The peace of Northampton seemed to end forever the hopes of the disinherited. Two things changed this: the death of King Robert Bruce in 1329, followed in 1330 by a palace coup in England, which saw the overthrow of Roger Mortimer and the assumption of full powers by King Edward III. In Scotland, Robert's infant son, David II was king, bringing the inevitable tensions that follow from a royal minority. Edward, for the time being at least, maintained the peace with Scotland, but he was known to share the views of many of his countrymen that Northamption was a turpis pax-a shameful peace. In 1330 Edward III would make a formal request to the Scottish Crown to restore the lands of Beaumont's earldom to him, which was refused.

From near extinction, the cause of the disinherited was now revived; but it needed direction and focus. Above all, it needed a cause, something greater than frustrated ambition. By the early 1330s the cause had become Edward Balliol, in the judgement of some the rightful King of Scotland.
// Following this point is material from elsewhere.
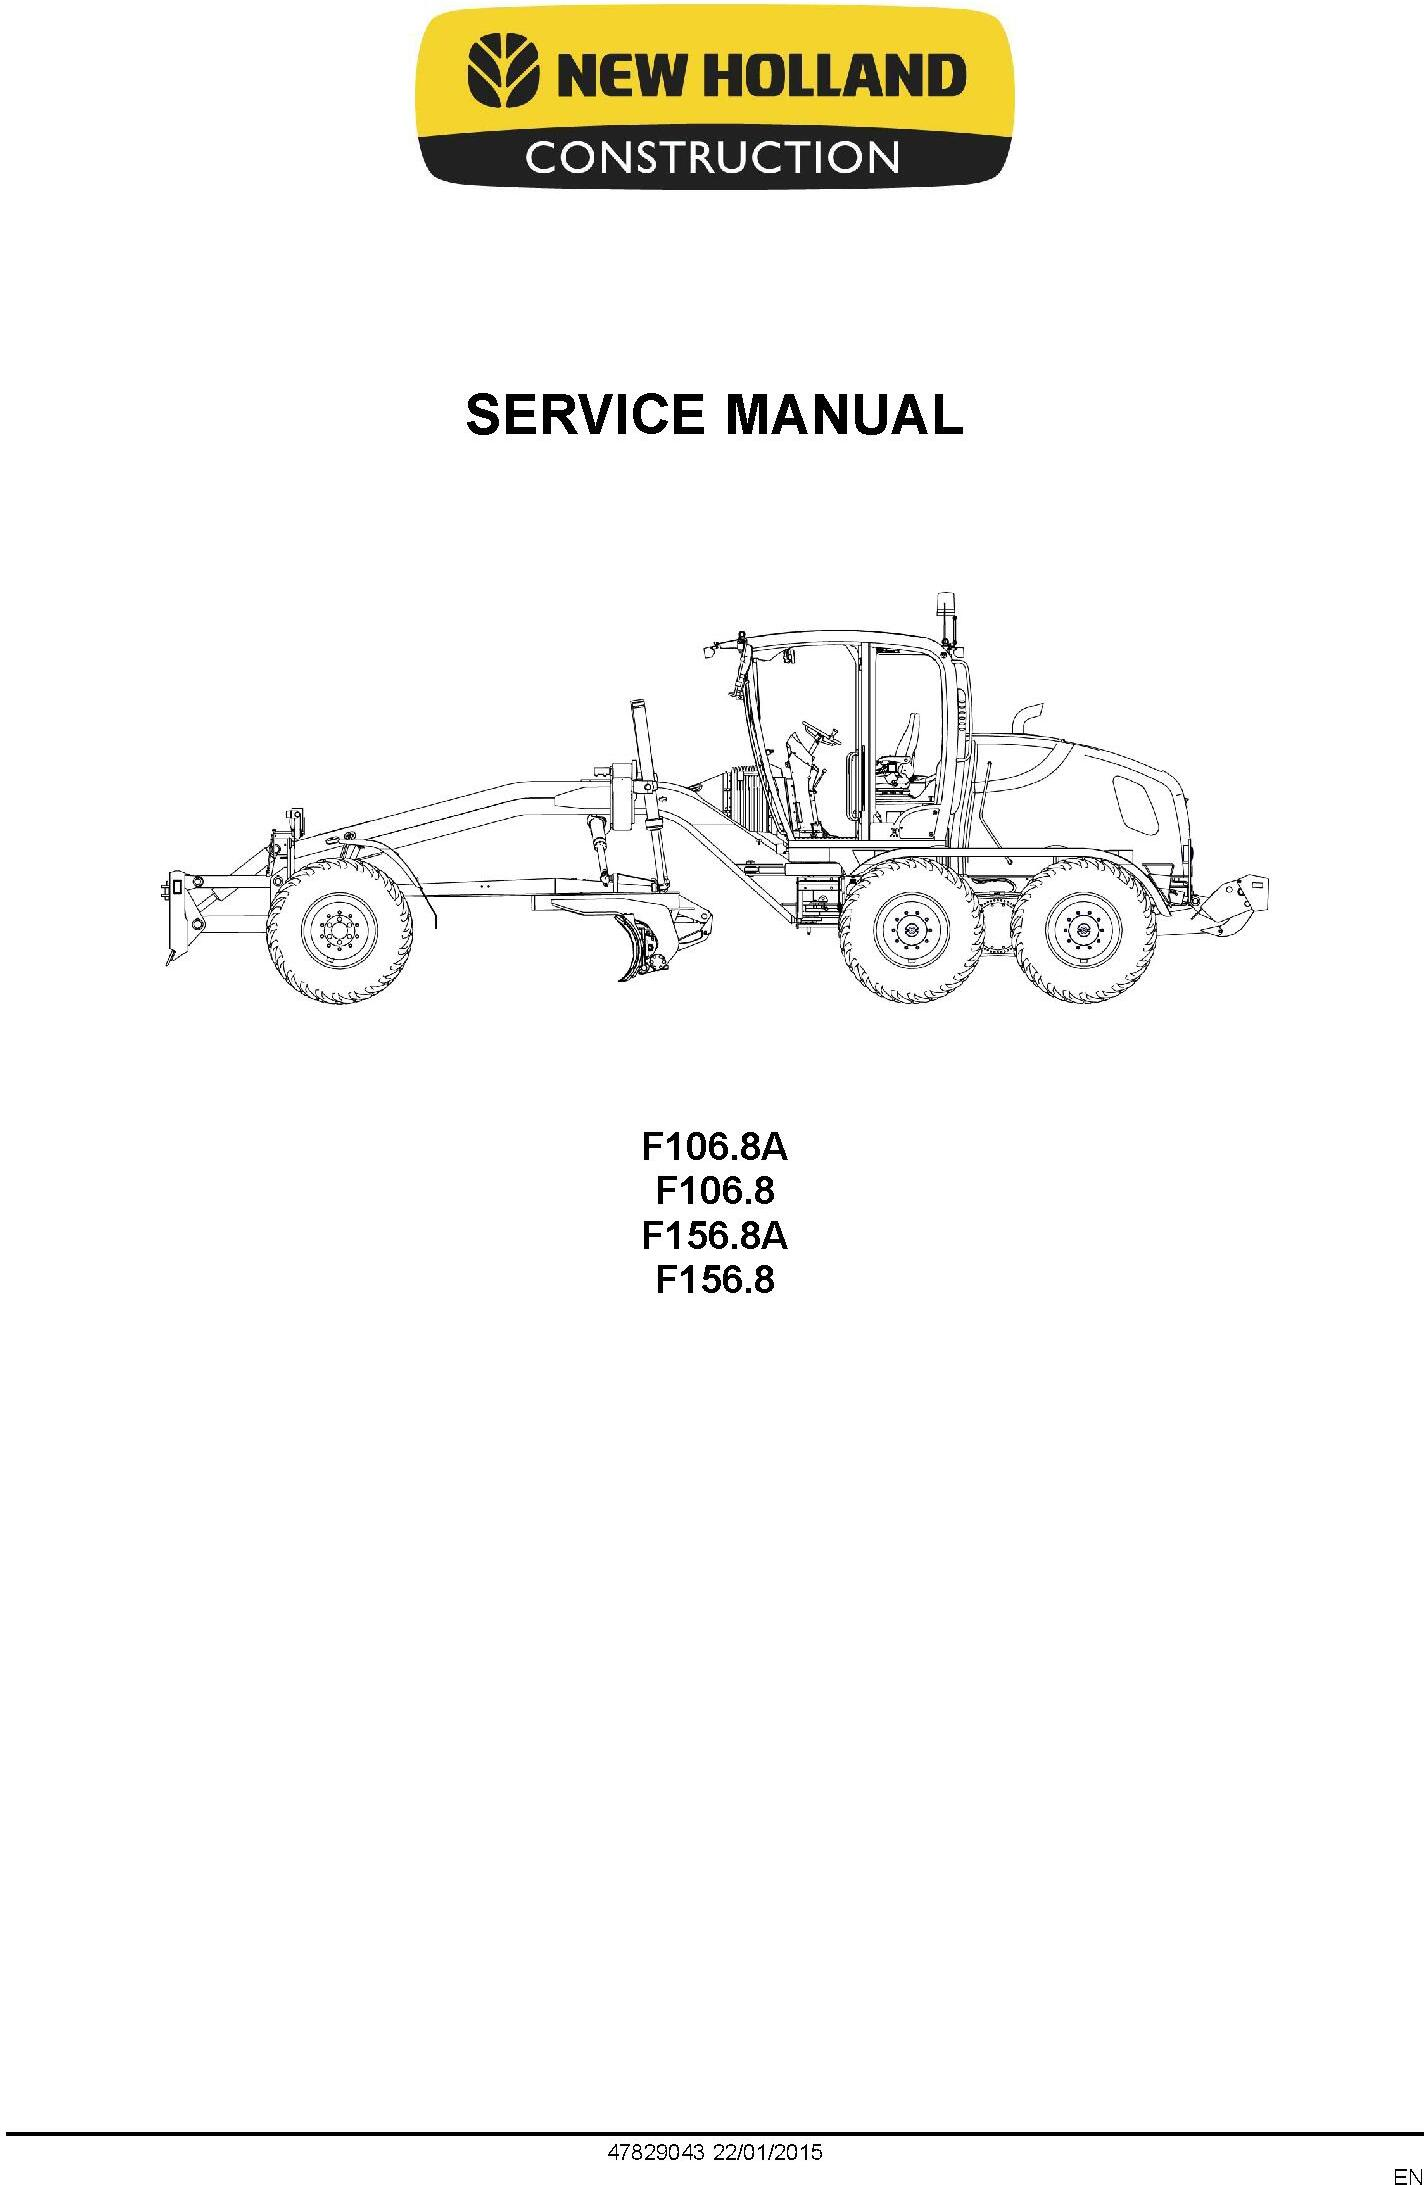 New Holland F106.8, F106.8A, F156.8, F156.8A Motor grader Service Manual - 1

Edward Balliol is clearly an important figure; but it is difficult to decide if he was the author of his own ambitions or a lever for the designs of others. He took no part in the first war, and it is doubtful if he had any military experience before he came to Scotland in 1332. The driving force, as always, was Henry Beaumont, the lead conspirator of the disinherited. It was he who formed the 'party' of the disinherited in the period after the peace of Northampton: he who encouraged Balliol, with Edward III's approval, to leave his French estates and come to England. He was a seasoned campaigner, who had been present both at Bannockburn and the Battle of Boroughbridge, and learned much from both encounters. It is almost certain that he was the architect of Balliol's victory at the Battle of Dupplin Moor where he fought; and he is likely to have advised Edward on the tactics that brought him the first great military success of his career at the Battle of Halidon Hill, the exact foretaste of the later triumph at Crécy. Beaumont, moreover, provided much of the financial support that allowed the impecunious Balliol to descend on Scotland at the head of an army of freebooters. But his principal loyalty was to himself and then to Edward III; for, as time would show, Edward Balliol was a hook on which he hung the cloak of his ambitions.